This application is the U.S. national phase of PCT Application No. PCT/EP2015/071639 filed on 22 Sep. 2015, which claims priority to European Patent Application No. 14186097.3 filed on Sep. 24, 2014 the disclosures of which are incorporated in their entirety by reference herein.
The disclosure relates to audio reproduction systems and methods, in particular to audio reproduction systems and methods with a higher degree of individualization.
A number of algorithms exist on the market for binaural playback of audio content over earphones. They are based on synthetic binaural room impulse responses (BRIR), which means they are based on generalized head-related transfer functions (HRTF) such as standard dummy heads or generalized functions from a large HRTF database. In addition, some algorithms allow users to select the most suitable BRIR from a given set of BRIRs. Such options can improve the listening quality; they include externalization and out-of-head localization, but individualization (for example, head shadowing, shoulder reflections or the pinna effect) is missing from the signal processing chain. Pinna information especially is as unique as a fingerprint. The addition of individualization by way of a personal BRIR can increase naturalness.
The method described herein includes the following procedures: positioning a mobile device with a built-in loudspeaker at a first location in a listening environment and at least one microphone at at least one second location in the listening environment; emitting test audio content from the loudspeaker of the mobile device at the first position in the listening environment; receiving the test audio content emitted by the loudspeaker using the at least one microphone at the at least one second location in the listening environment; and, based at least in part on the received test audio content, determining one or more adjustments to be applied to desired audio content before playback by at least one earphone; wherein the first location and the second location are distant from each other so that the at least one microphone is within the near-field of the loudspeaker.

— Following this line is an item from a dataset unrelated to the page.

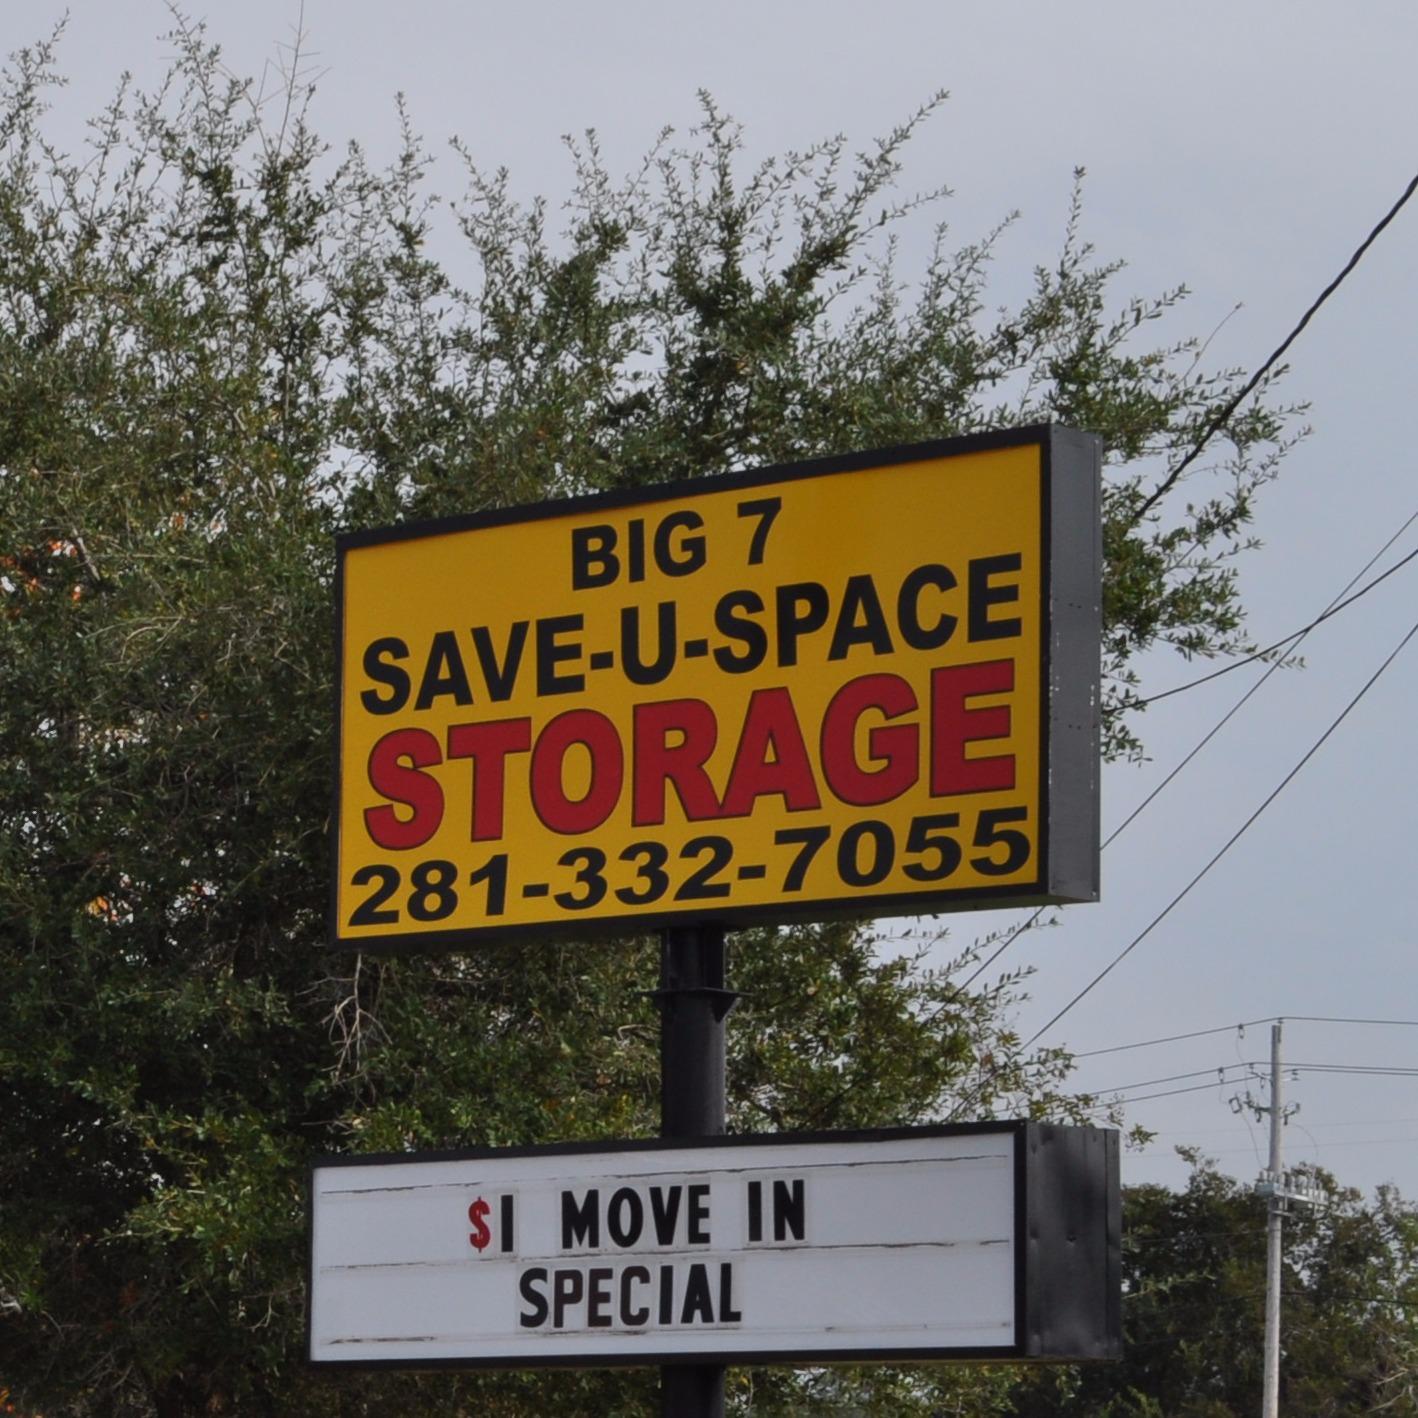 BIG 7 SAVE-U-SPACE

The system for measuring the binaural room impulse responses includes a mobile device with a built-in loudspeaker disposed at a first location in a listening environment and at least one microphone disposed at at least one second location in the listening environment. The mobile device is configured to emit test audio content via the loudspeaker at the first position in the listening environment and to receive from the earphones the test audio content emitted by the loudspeaker and received by the earphones at the at least one second location in the listening environment. The mobile device is further configured, based at least in part on the received audio content, to determine one or more adjustments to be applied to desired audio content by the mobile device before playback by the earphones, wherein the first location and the second location are distant from each other so that the at least one microphone is within the near-field of the loudspeaker.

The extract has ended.